Résumé de la décision
Par l'arrêt du 23 février 2021, la cour administrative d'appel a rejeté la requête de M. A... C... concernant la liquidation d'une astreinte prononcée contre la commune de Saint-Beauzeil pour non-exécution d'un arrêt antérieur. La commune a été jugée avoir entièrement exécuté les décisions de la cour à la suite des délibérations du conseil municipal du 18 février 2021 qui ont approuvé le déclassement et la cession des chemins ruraux. En conséquence, la cour a refusé de liquider une astreinte supplémentaire et a également rejeté la demande de remboursement des frais de justice de M. C..., au motif que la commune n'était pas partie perdante.
Arguments pertinents
1. Exécution des décisions: La cour a établi que la commune de Saint-Beauzeil avait pleinement exécuté l'arrêt n° 15BX04088 du 12 juillet 2016, en approuvant le déclassement des chemins ruraux et en autorisant le maire à procéder à leur cession. La cour a indiqué que : "la commune de Saint-Beauzeil doit être regardée comme ayant, à cette date, entièrement exécuté l'arrêt".
2. Légalité des délibérations: La contestation de M. C... concernant la légalité des délibérations du 18 février 2021 a été jugée comme un litige distinct. La cour a donc souligné que cela ne remettait pas en cause la conformité de l’exécution de l’arrêt en question.
3. Absence de liquidation d'astreinte supplémentaire: En considérant les circonstances de mise en œuvre des mesures d'exécution prescrites, la cour a décidé qu'il n'y avait pas lieu de procéder à une liquidation d'astreinte supplémentaire pour la période allant du 4 au 18 février 2021. Ce refus est justifié par l'idée que la mise en œuvre des décisions avait posé une certaine complexité, à savoir "eu égard notamment à la difficulté à mettre en œuvre les mesures d'exécution".
4. Frais de justice: La cour a également rappelé que, selon l'article L. 761-1 du code de justice administrative, il ne saurait être mis à la charge de la municipalité le paiement des frais exposés par M. C..., car celle-ci n'était pas partie perdante dans l'instance.
Interprétations et citations légales
1. Sur l'astreinte: La décision de la cour s'appuie sur l'article L. 911-6 du code de justice administrative qui établit que "l'astreinte est provisoire ou définitive" et l'article L. 911-7 qui précise que "la juridiction procède à la liquidation de l'astreinte qu'elle avait prononcée" en cas d'inexécution. Ces textes posent les bases pour comprendre la nature des astreintes et le cadre dans lequel elles peuvent être liquidées.

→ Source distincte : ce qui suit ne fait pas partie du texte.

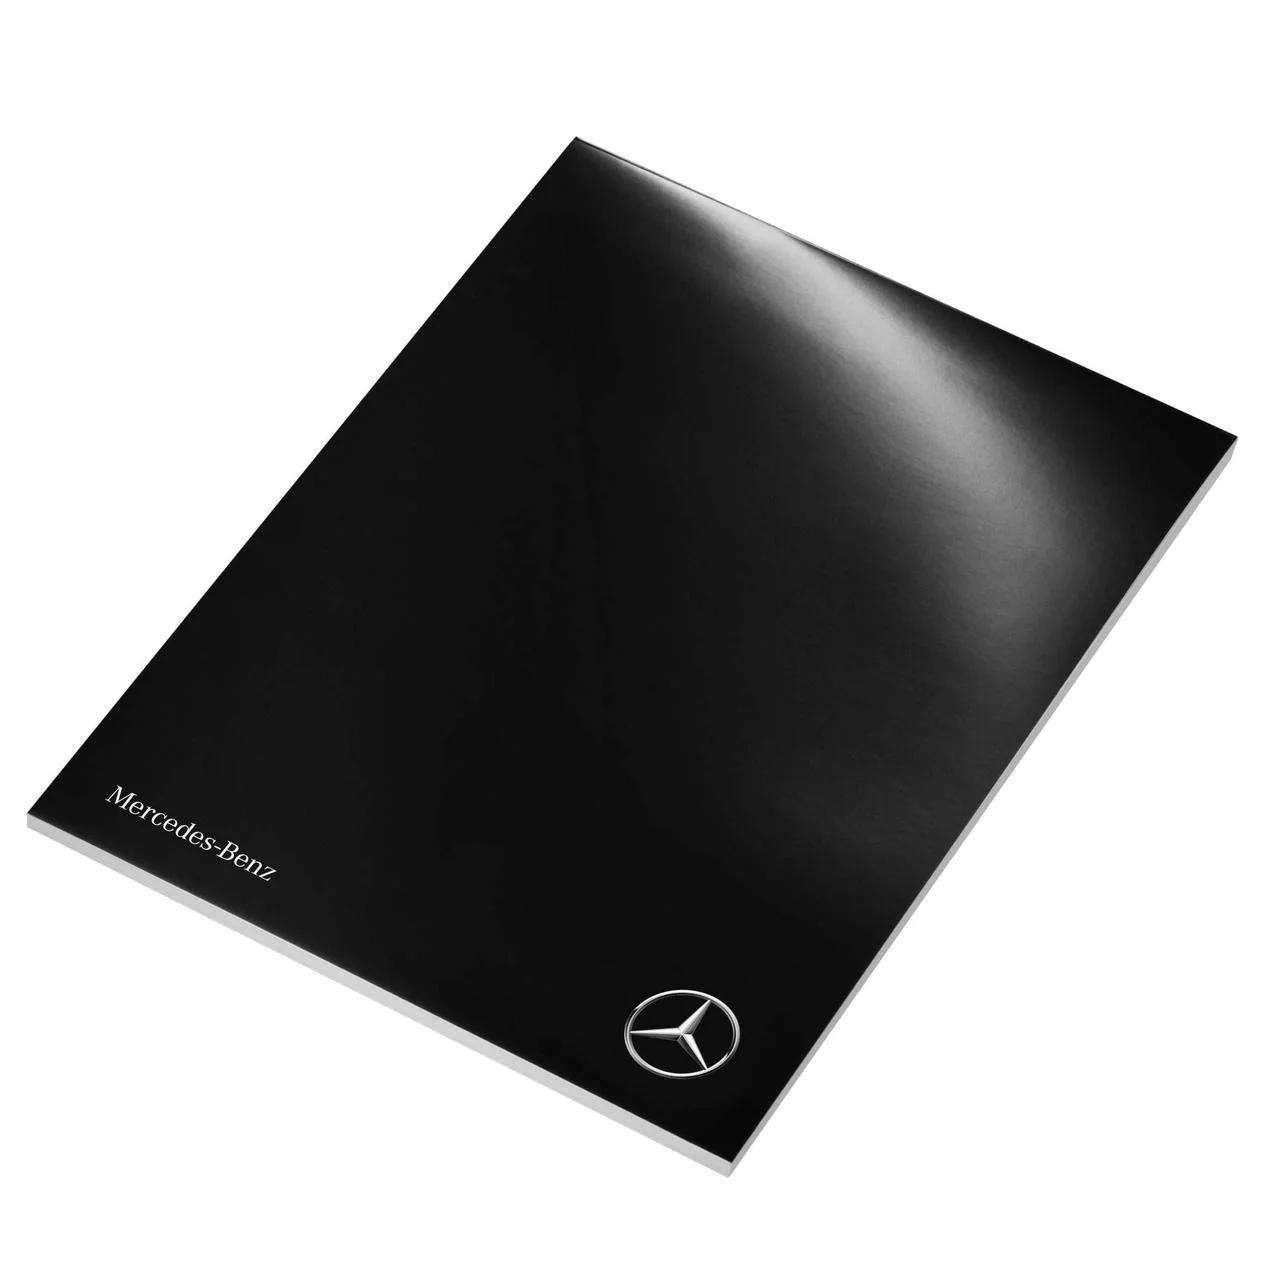 Блокнот Mercedes-Benz Writing Pad, Black / White, артикул B66958366

2. Concernant la légalité des actes administratifs: La cour a clairement indiqué que la contestation faite par M. C... était un "litige distinct" de celui qui avait été tranché par l'arrêt dont l'exécution était demandée. Cette séparation des litiges souligne l'importance des actes administratifs et de leur validité, tout en maintenant le principe d'autorité de la chose jugée.

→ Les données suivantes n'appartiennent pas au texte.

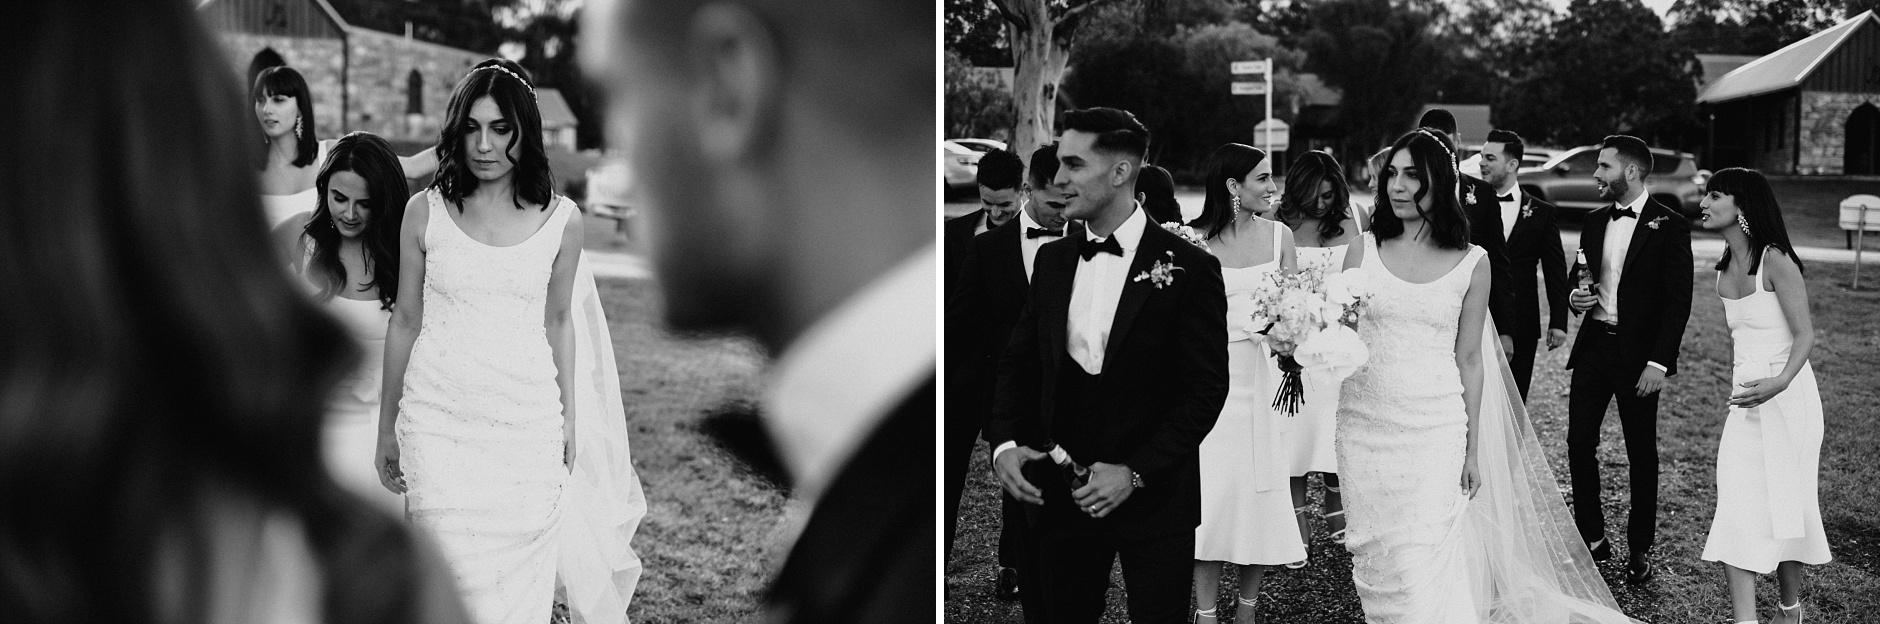 cassandra&cameron0613ab_Peppers-Creek-Wedding.jpg

3. Frais de justice: L'article L. 761-1 du code de justice administrative stipule que les frais exposés par une partie ne peuvent être mis à la charge de la partie qui n'est pas perdante dans l'instance : "Les frais exposés par une partie ne peuvent être mis à la charge de l'autre partie que s'il est renoncé à son indemnisation ou si un désaccord est constaté". Cette citation justifie la décision de ne pas faire supporter les frais de M. C... par la commune.
Dans l'ensemble, la cour a pris en compte les éléments juridiques pertinents et a rendu une décision basée sur des interprétations précises des lois applicables, tout en considérant les circonstances pratiques entourant l'exécution de l'arrêt initial.